#### Work required
Leaving the images aside, transcribe all the data below exactly.

#### Raw data
----

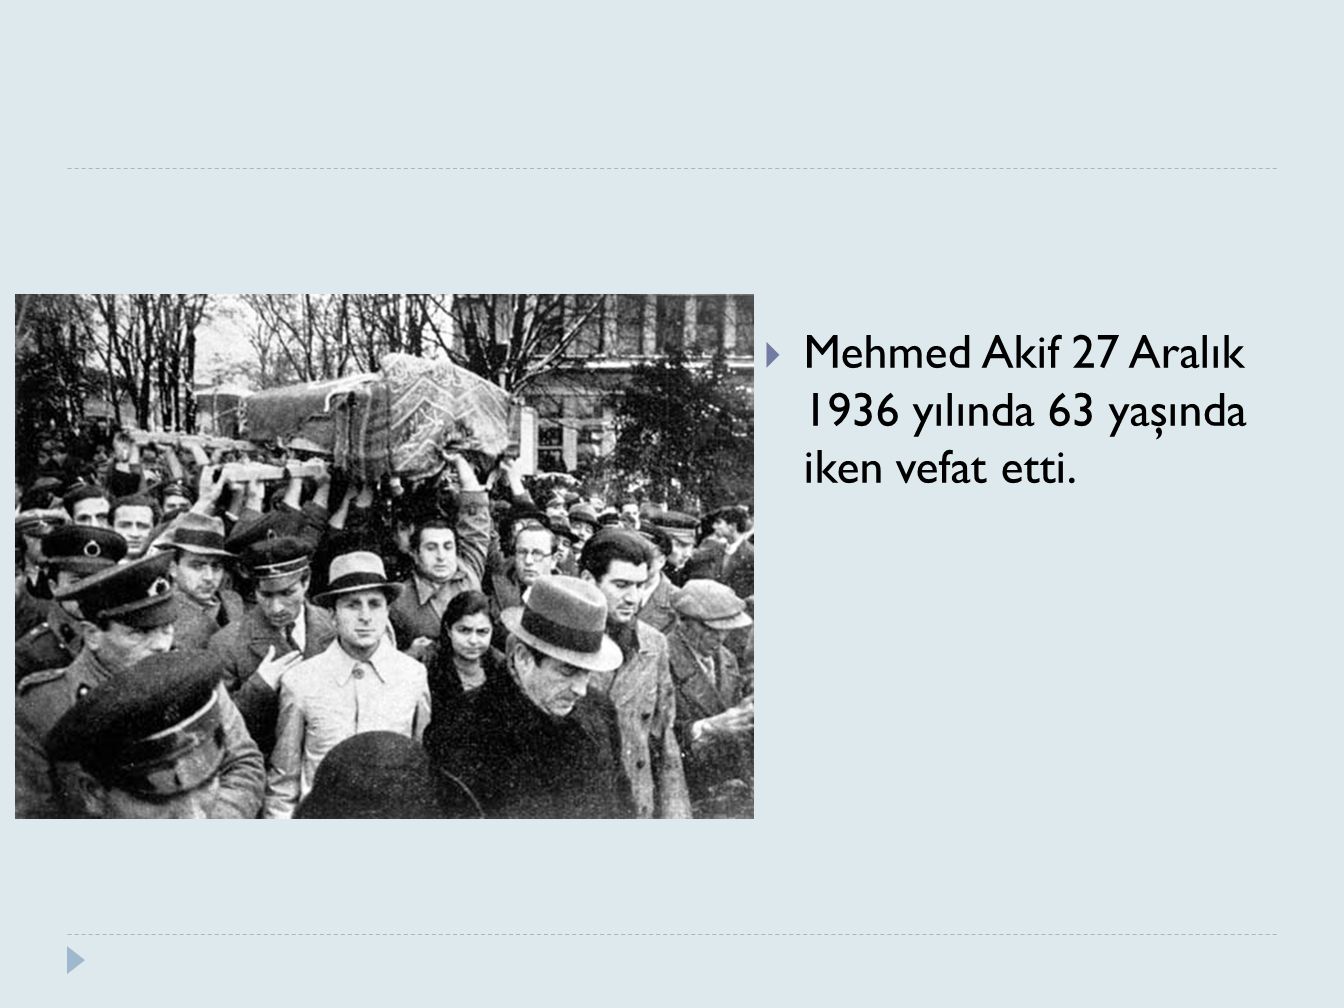 Mehmed Akif 27 Aralık 1936 yılında 63 yaşında iken vefat etti.
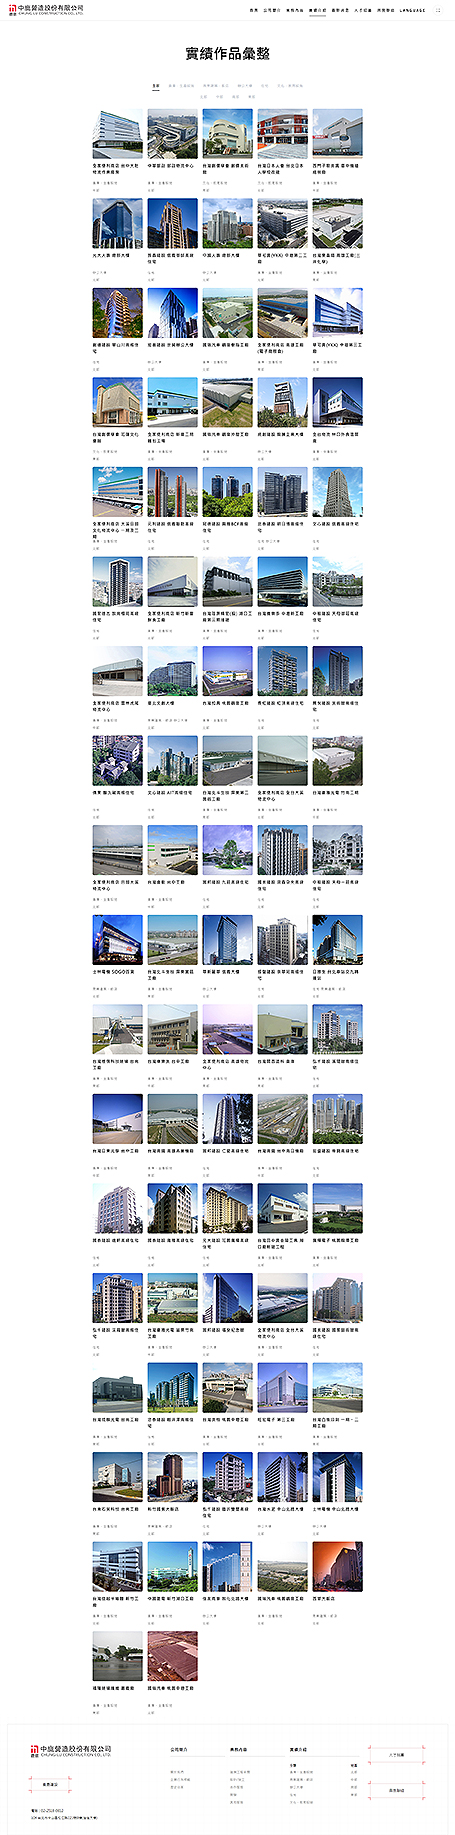 中鹿營造,鹿島建設,中鹿營造網頁設計,Chung-Lu Construction,網頁設計  style=
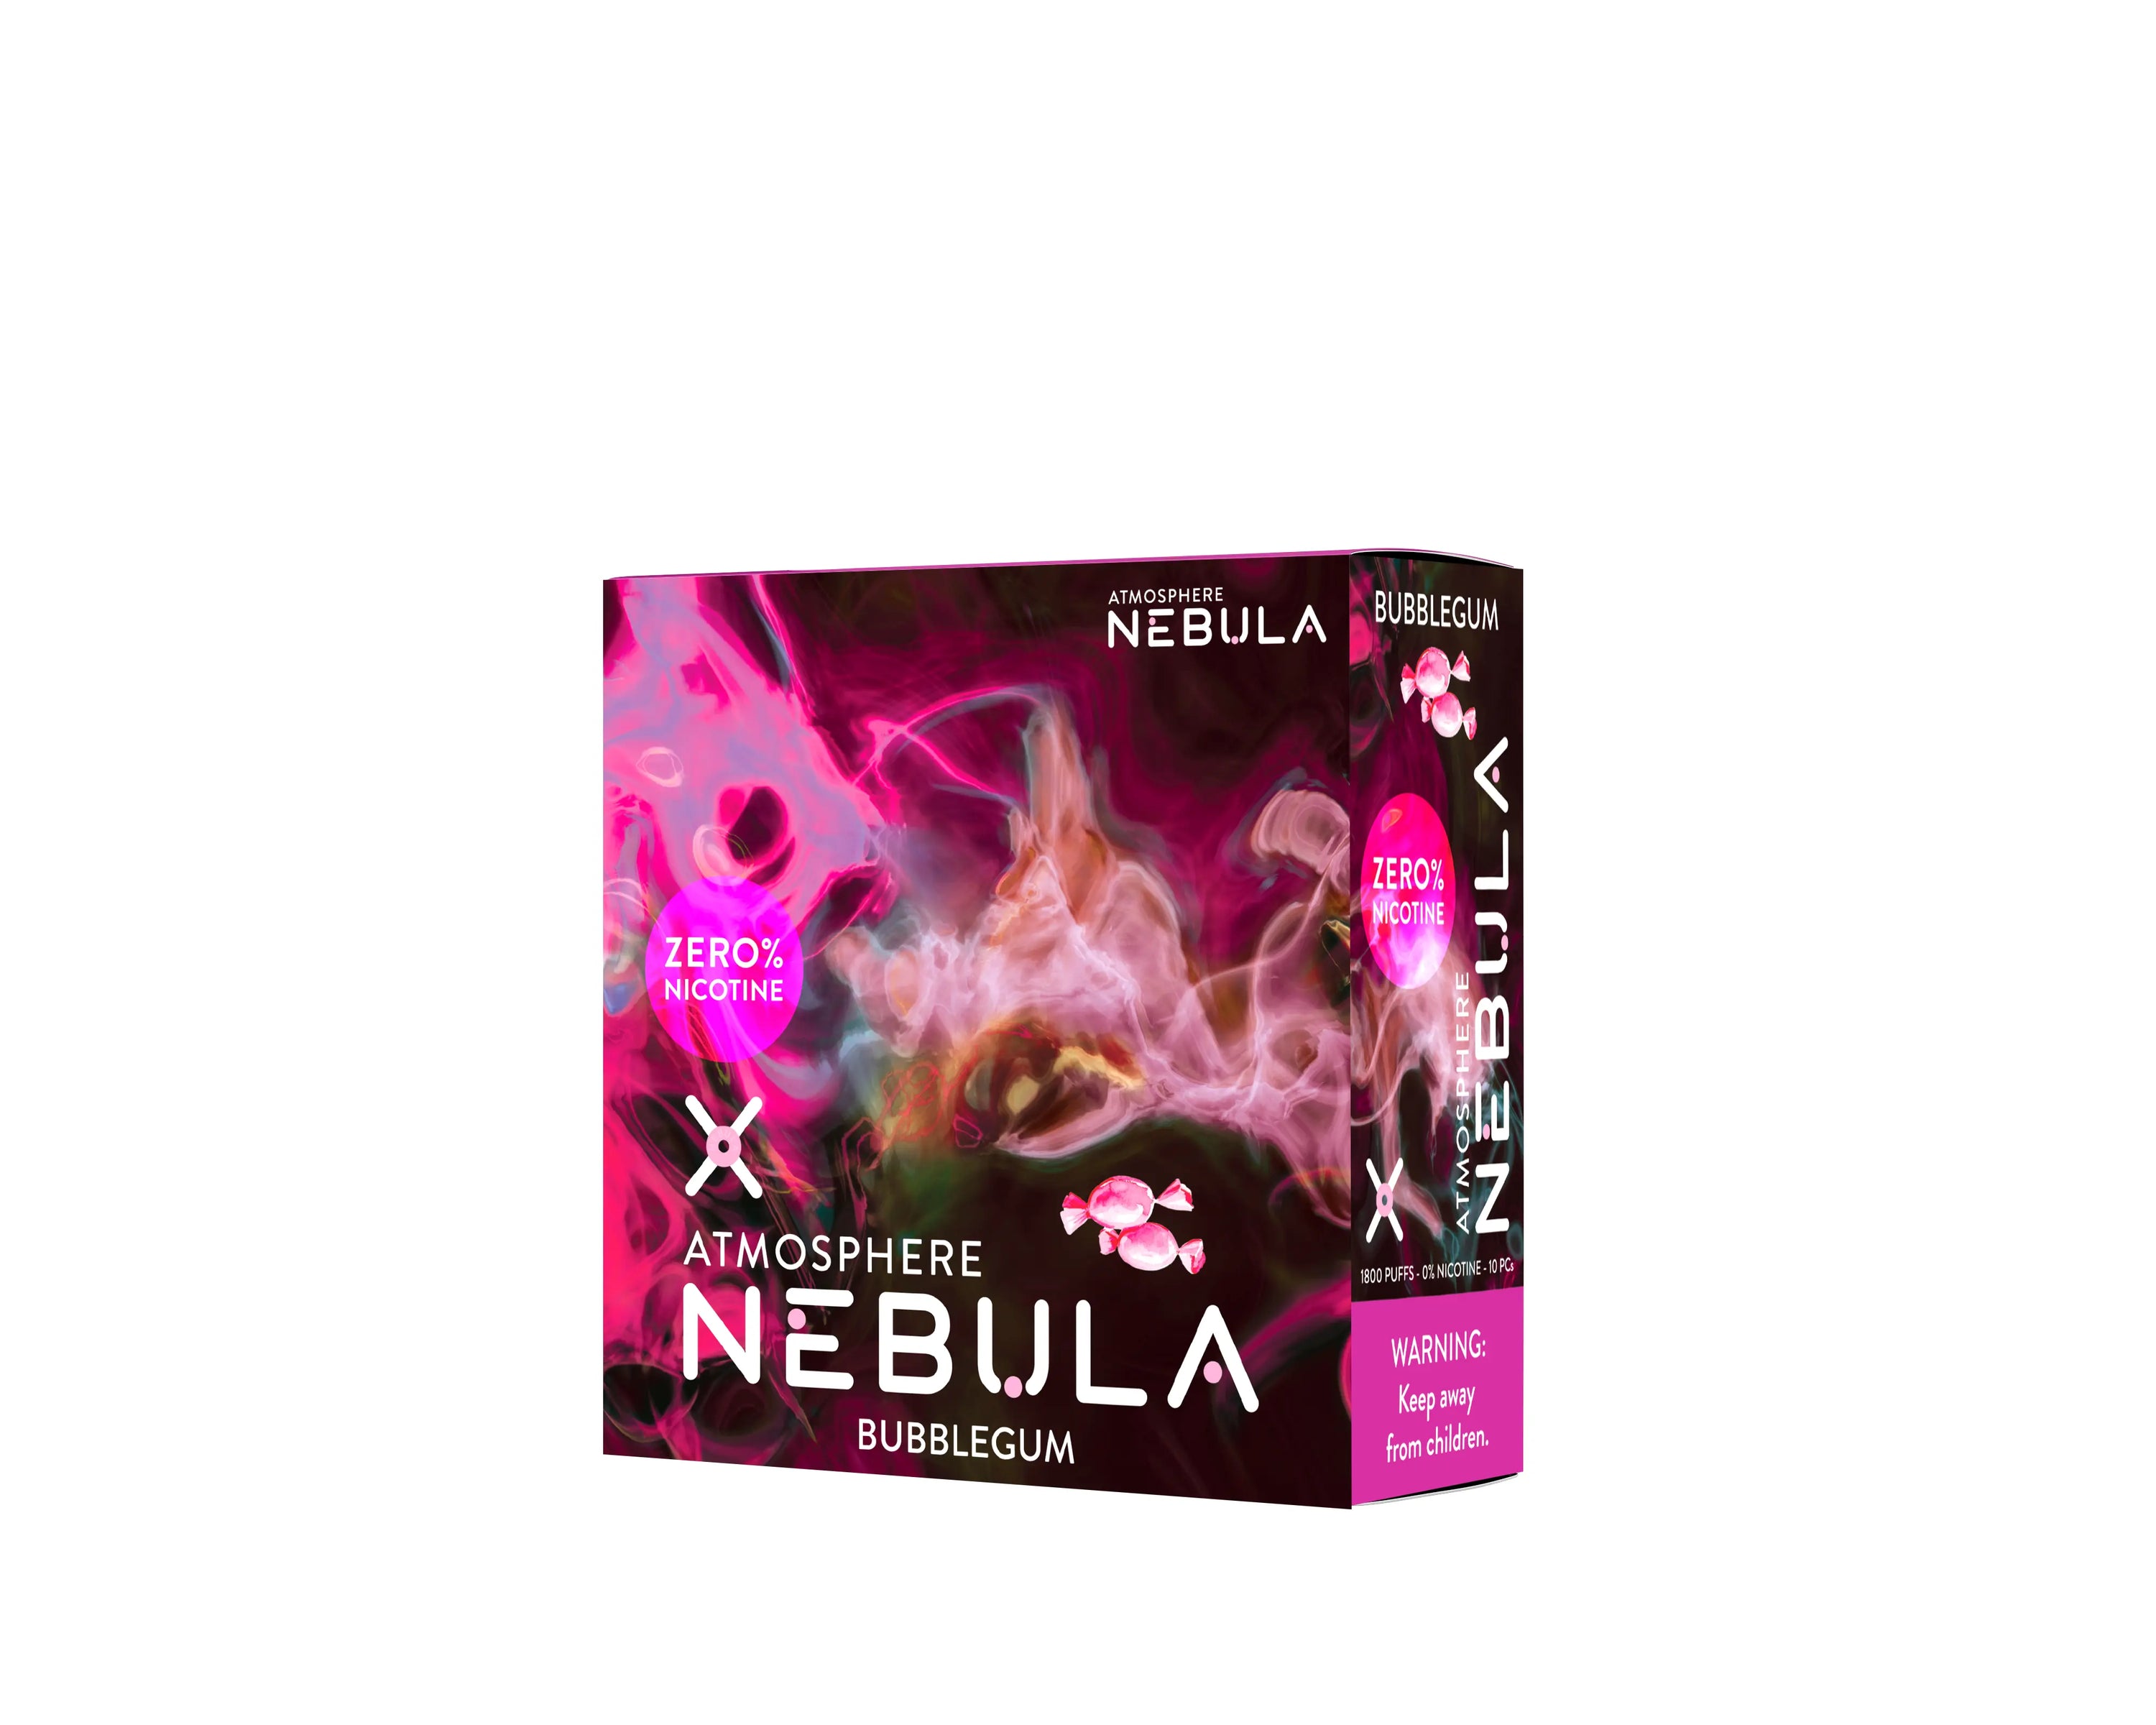 Nebula Atmosphere 0% 1800 Puffs - Bubblegum - B2B Nebula
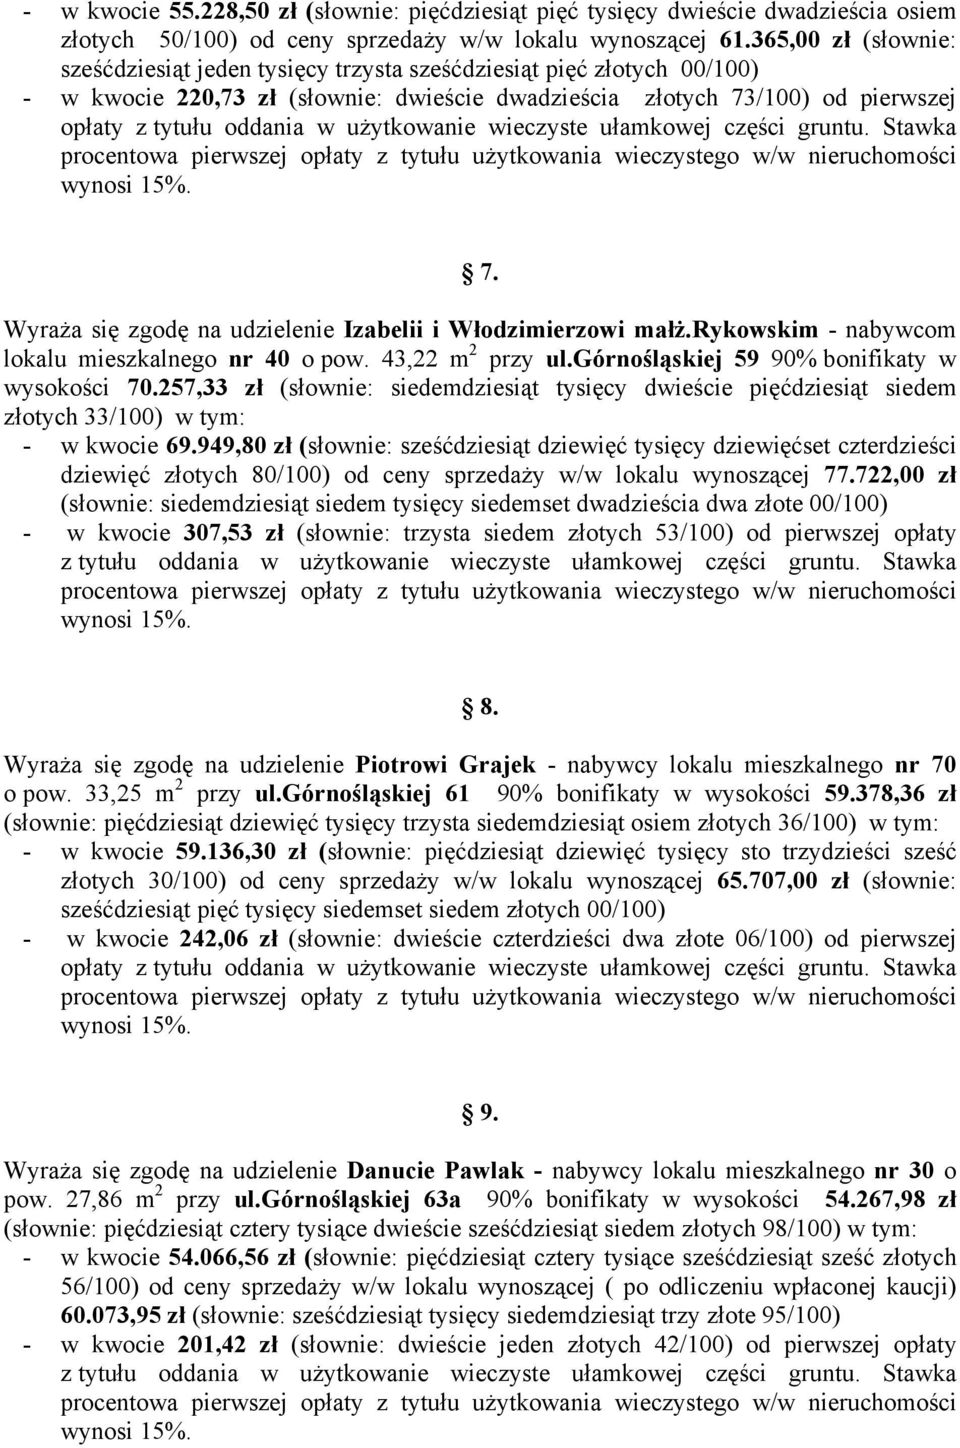 Wyraża się zgodę na udzielenie Izabelii i Włodzimierzowi małż.rykowskim - nabywcom lokalu mieszkalnego nr 40 o pow. 43,22 m 2 przy ul.górnośląskiej 59 90% bonifikaty w wysokości 70.

----

#### Written solution
 Mehmed Akif 27 Aralık 1936 yılında 63 yaşında iken vefat etti.
 中鹿營造,鹿島建設,中鹿營造網頁設計,Chung-Lu Construction,網頁設計  style=
 Nebula Atmosphere 0% 1800 Puffs - Bubblegum - B2B Nebula
 Wyraża się zgodę na udzielenie Izabelii i Włodzimierzowi małż.rykowskim - nabywcom lokalu mieszkalnego nr 40 o pow. 43,22 m 2 przy ul.górnośląskiej 59 90% bonifikaty w wysokości 70.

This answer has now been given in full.